Language elements#

Fortran is case-insensitive The convention of writing Fortran keywords in upper case and all other names in lower case is adopted in this article; except, by way of contrast, in the input/output descriptions (Data transfer and Operations on external files).

Basics#

The basic component of the Fortran language is its character set. Its members are

  • the letters A … Z and a … z (which are equivalent outside a character context)

  • the numerals 0 … 9

  • the underscore _

  • the special characters = : + blank - * / ( ) [ ] , . $ ' ! " % & ; < > ?

Tokens that have a syntactic meaning to the compiler are built from those components. There are six classes of tokens:

Label

123

Constant

123.456789_long

Keyword

allocatable

Operator

.add.

Name

solve_equation (up to 31 characters, including _)

Separator

/ ( ) (/ /) [ ] , = => : :: ; %

From the tokens, statements are built. These can be coded using the new free source form which does not require positioning in a rigid column structure:

function string_concat(s1, s2)  ! This is a comment
  type(string), intent(in) :: s1, s2
  type(string)             :: string_concat
  string_concat%string_data = s1%string_data(1:s1%length) // &
    s2%string_data(1:s2%length)  ! This is a continuation
  string_concat%length = s1%length + s2%length
end function string_concat

Note the trailing comments and the trailing continuation mark. There may be 39 continuation lines, and 132 characters per line. Blanks are significant. Where a token or character constant is split across two lines:

               ...        start_of&
        &_name
               ...   'a very long &
        &string'

a leading & on the continued line is also required.

Intrinsic data types#

Fortran has five intrinsic data types: integer, real, complex, logical and character. Each of those types can be additionally characterized by a kind. Kind, basically, defines internal representation of the type: for the three numeric types, it defines the precision and range, and for the other two, the specifics of storage representation. Thus, it is an abstract concept which models the limits of data types’ representation; it is expressed as a member of a set of whole numbers (e.g. it may be {1, 2, 4, 8} for integers, denoting bytes of storage), but those values are not specified by the Standard and not portable. For every type, there is a default kind, which is used if no kind is explicitly specified. For each intrinsic type, there is a corresponding form of literal constant. The numeric types integer and real can only be signed (there is no concept of sign for type complex).

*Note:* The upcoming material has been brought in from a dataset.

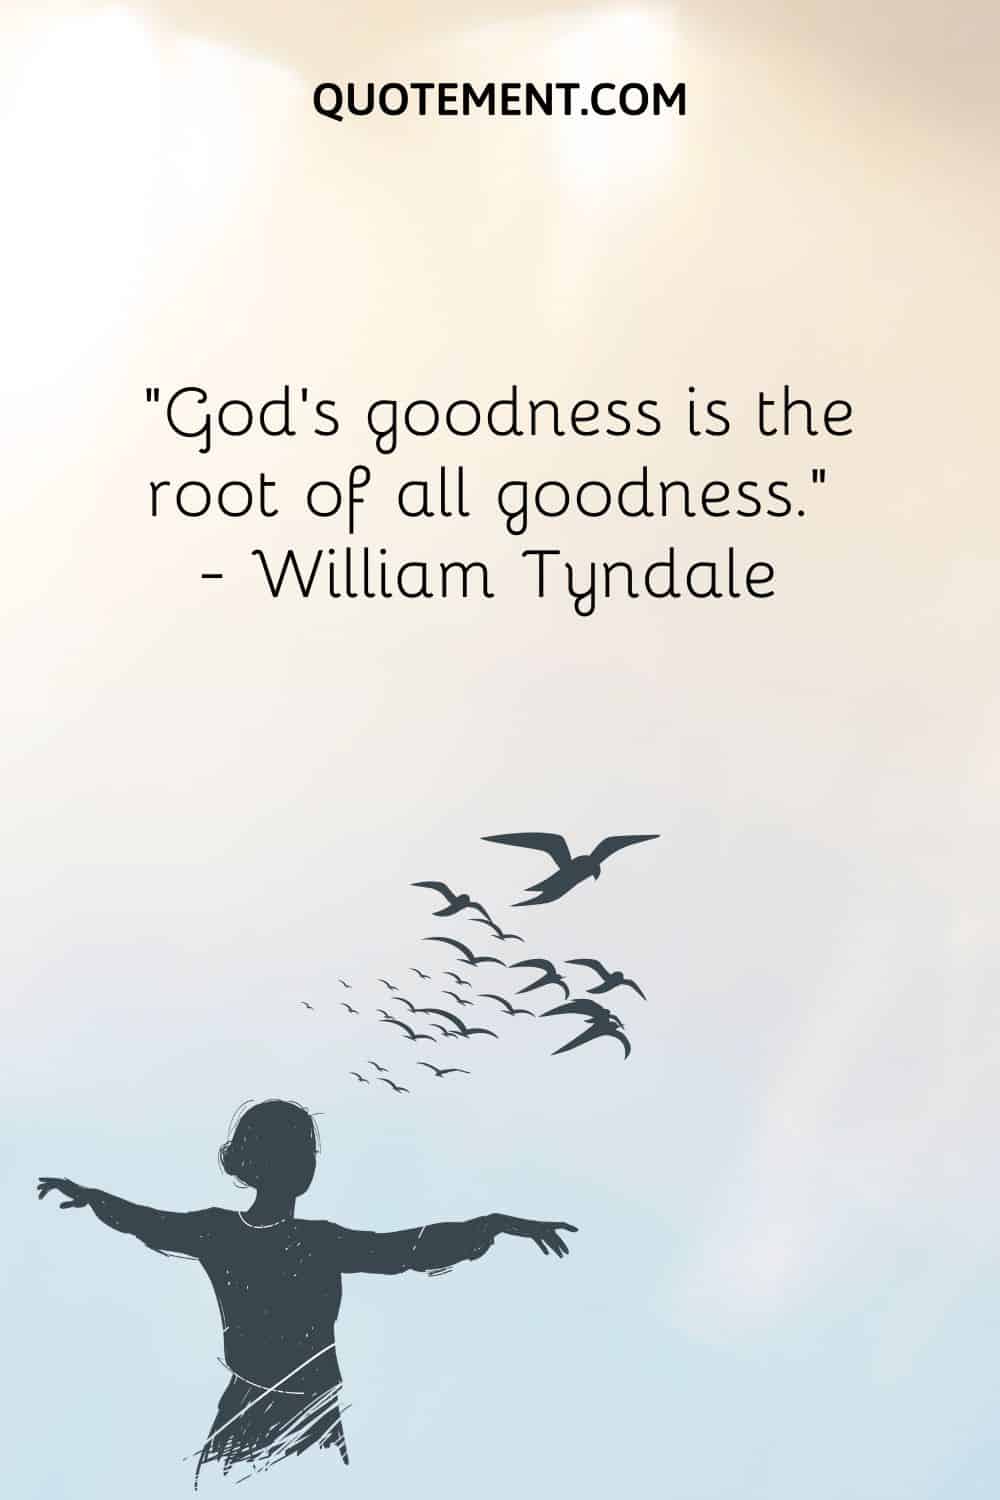 “God’s goodness is the root of all goodness.” ― William Tyndale

Literal constants and kinds#

integer#

Integer literal constants of the default kind take the form

1   0   -999   32767   +10

kind can be defined as a named constant. If the desired range is ±10kind, the portable syntax for defining the appropriate kind, two_bytes is

integer, parameter :: two_bytes = selected_int_kind(4)

that allows subsequent definition of constants of the form

-1234_two_bytes   +1_two_bytes

Here, two_bytes is the kind type parameter; it can also be an explicit default integer literal constant, like -1234_2 but such use is non-portable.

The kind function supplies the value of a kind type parameter:

kind(1)            kind(1_two_bytes)

and the range function supplies the actual decimal range (so the user must make the actual mapping to bytes):

range(1_two_bytes)

Also, in data (initialization) statements, binary (B), octal (O) and hexadecimal (Z) constants may be used (often informally referred to as “BOZ constants”):

B'01010101'   O'01234567'   Z'10fa'

real#

There are at least two real kinds - the default and one with greater precision (this replaces double precision). selected_real_kind functions returns the kind number for desired range and precision; for at least 9 decimal digits of precision and a range of 10−99 to 1099, it can be specified as:

integer, parameter :: long = selected_real_kind(9, 99)

and literals subsequently specified as 1.7_long.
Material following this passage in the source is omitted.